La démagogie sur le dos des fonctionnaires

En réaction à la chronique «Dans la gueule du monstre de l’État» du journaliste François Bourque parue le 29 août

Il n’est pas rare de voir les politiciens casser du sucre sur le dos des fonctionnaires, même si ce sont ces mêmes fonctionnaires qui les servent à l’Assemblée nationale et dans les divers ministères et organismes lorsque leur parti est au pouvoir. Ça se vend bien sur le plan politique et, dans la région de Québec, bien des postes de radio se délectent de ces propos.

Je lis Le Soleil sur une base quotidienne depuis plusieurs décennies. J’apprécie, la grande majorité du temps, la qualité des propos de ses chroniqueurs. Ce matin, j’ai été grandement déçu de la chronique de M. Bourque. Il reprend dans sa chronique de «vieux clichés», trop souvent exploités par des journalistes de divers médias, notamment dans la région de Québec. Pour reprendre ses propos, il parle de «récits d’utilisations douteuses d’argent public et du temps des employés continuent à résonner à nos oreilles par des amis, parents, voisins.
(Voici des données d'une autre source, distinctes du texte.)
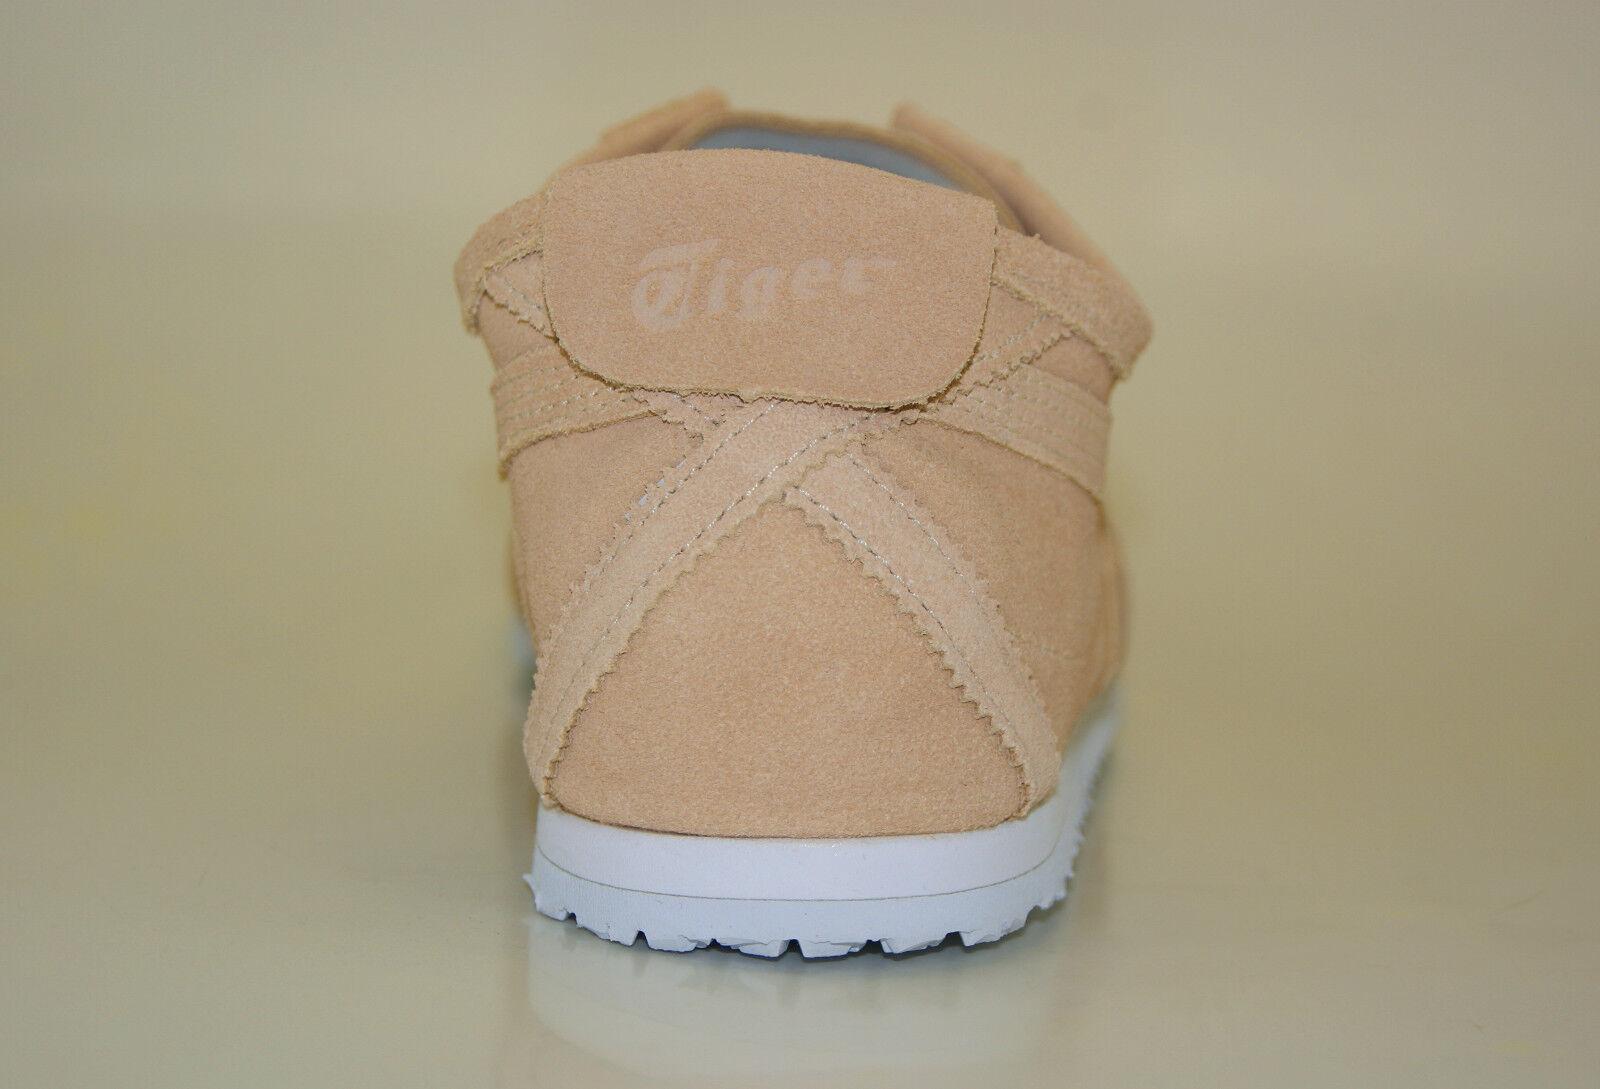 Onitsuka Tiger Sportschuhe by Asics Mexico 66 Turnschuhe Sportschuhe Tiger Herren Damen Sneakers 31da29

Ici, des gestionnaires incompétents; là, une mauvaise organisation du travail; ailleurs, des commandes politiques insensées, des formulaires ou des sites Internet mal foutus pour les citoyens, des procédures aberrantes, etc. C’est parfois à désespérer.»

J’ai pris ma retraite l’automne dernier après 40 ans sur le marché du travail, dont les 38 dernières années au sein de la fonction publique québécoise. J’ai œuvré au sein de diverses organisations dont le Vérificateur général du Québec, le Secrétariat du Conseil du trésor et la Régie des rentes du Québec (maintenant Retraite Québec). J’y ai relevé de beaux défis et j’ai eu le privilège de travailler pour des gestionnaires de haut niveau; j’ai eu l’impression de contribuer au mieux-être de la société québécoise.
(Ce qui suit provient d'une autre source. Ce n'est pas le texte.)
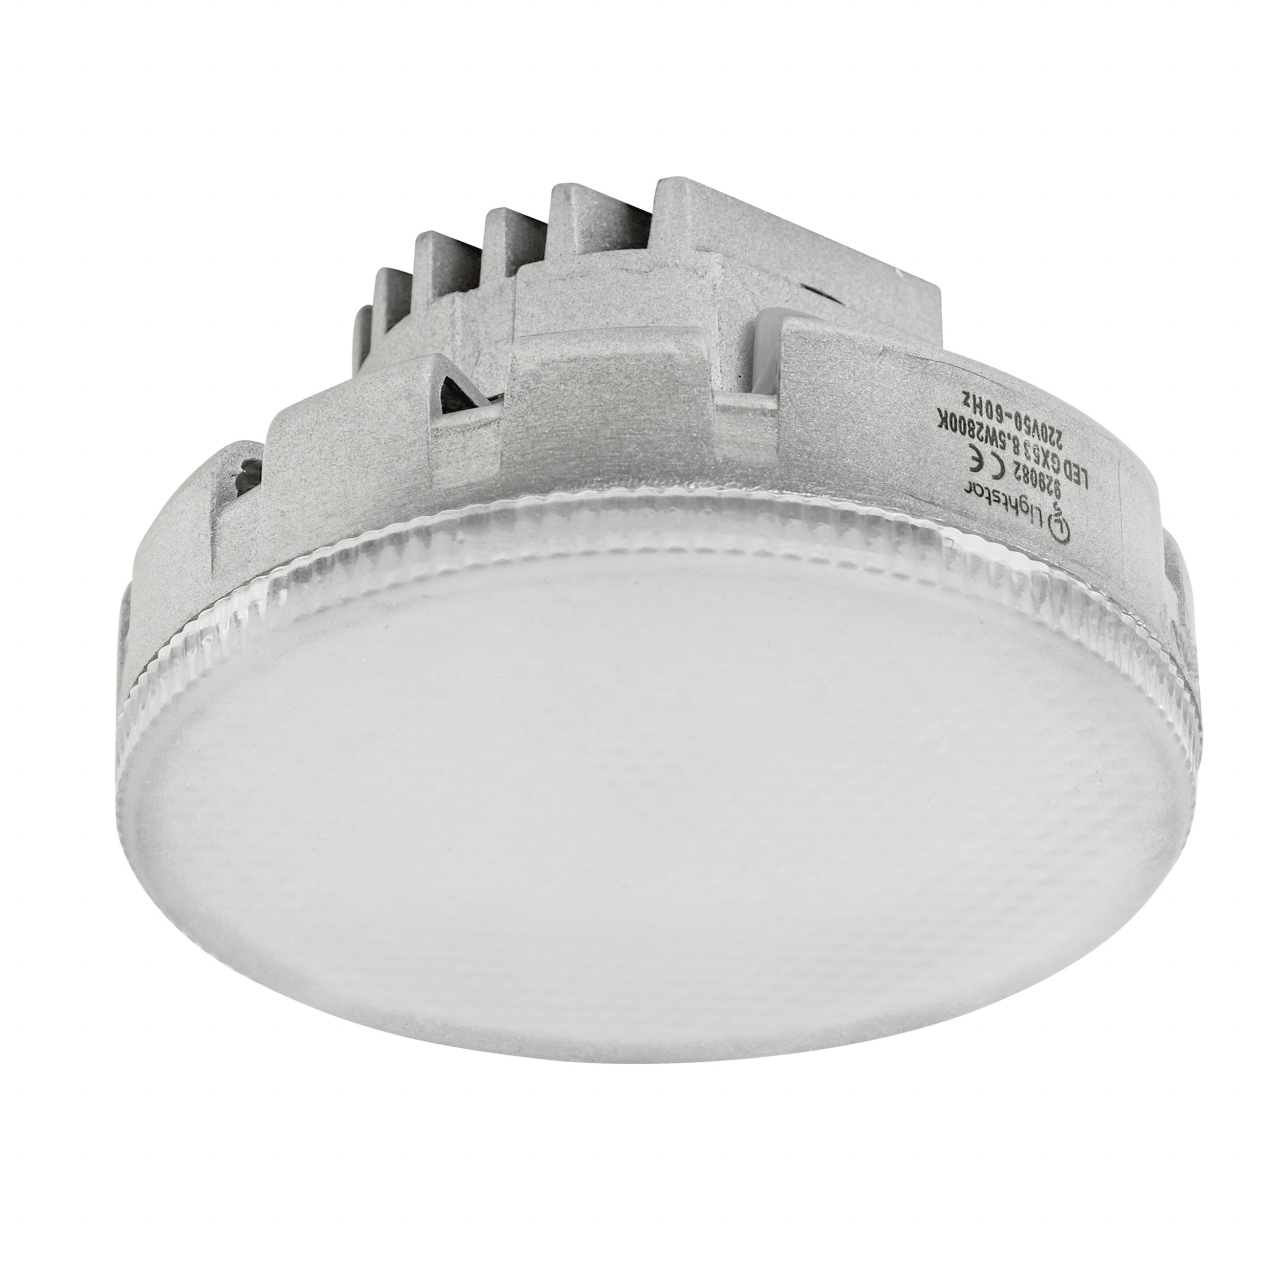 Лампа LED 220V TABL GX53 12W=120W 960LM 180G FR 3000K 20000H Lightstar 929122

J’ai été à même d’apprécier les efforts faits afin de rendre l’appareil public plus efficace. Et surtout, j’ai eu la chance de constater, au fil des années, la préoccupation des hauts dirigeants pour le service au citoyen. Il y a bien sûr l’action immédiate des préposés aux services mais aussi celle des personnes qui rédigent les lois et les règlements et qui développent les systèmes informatiques afin d’assurer la meilleure prestation de services… Pourquoi ne parle-t-on que des erreurs de l’appareil gouvernemental et jamais de ses belles réussites et des améliorations apportées à ses services? La gestion axée sur les résultats y est bien implantée et les parlementaires en surveillent les retombées par l’examen des rapports annuels qui sont déposés à l’Assemblée nationale.

La fonction publique québécoise fait face à la même pénurie de main-d’œuvre que les autres employeurs. Il y a de beaux défis à y relever pour celles et ceux qui veulent servir la population du Québec. Mais qui voudra s’y risquer avec la mauvaise réputation, pleine de préjugés, qui lui colle à la peau?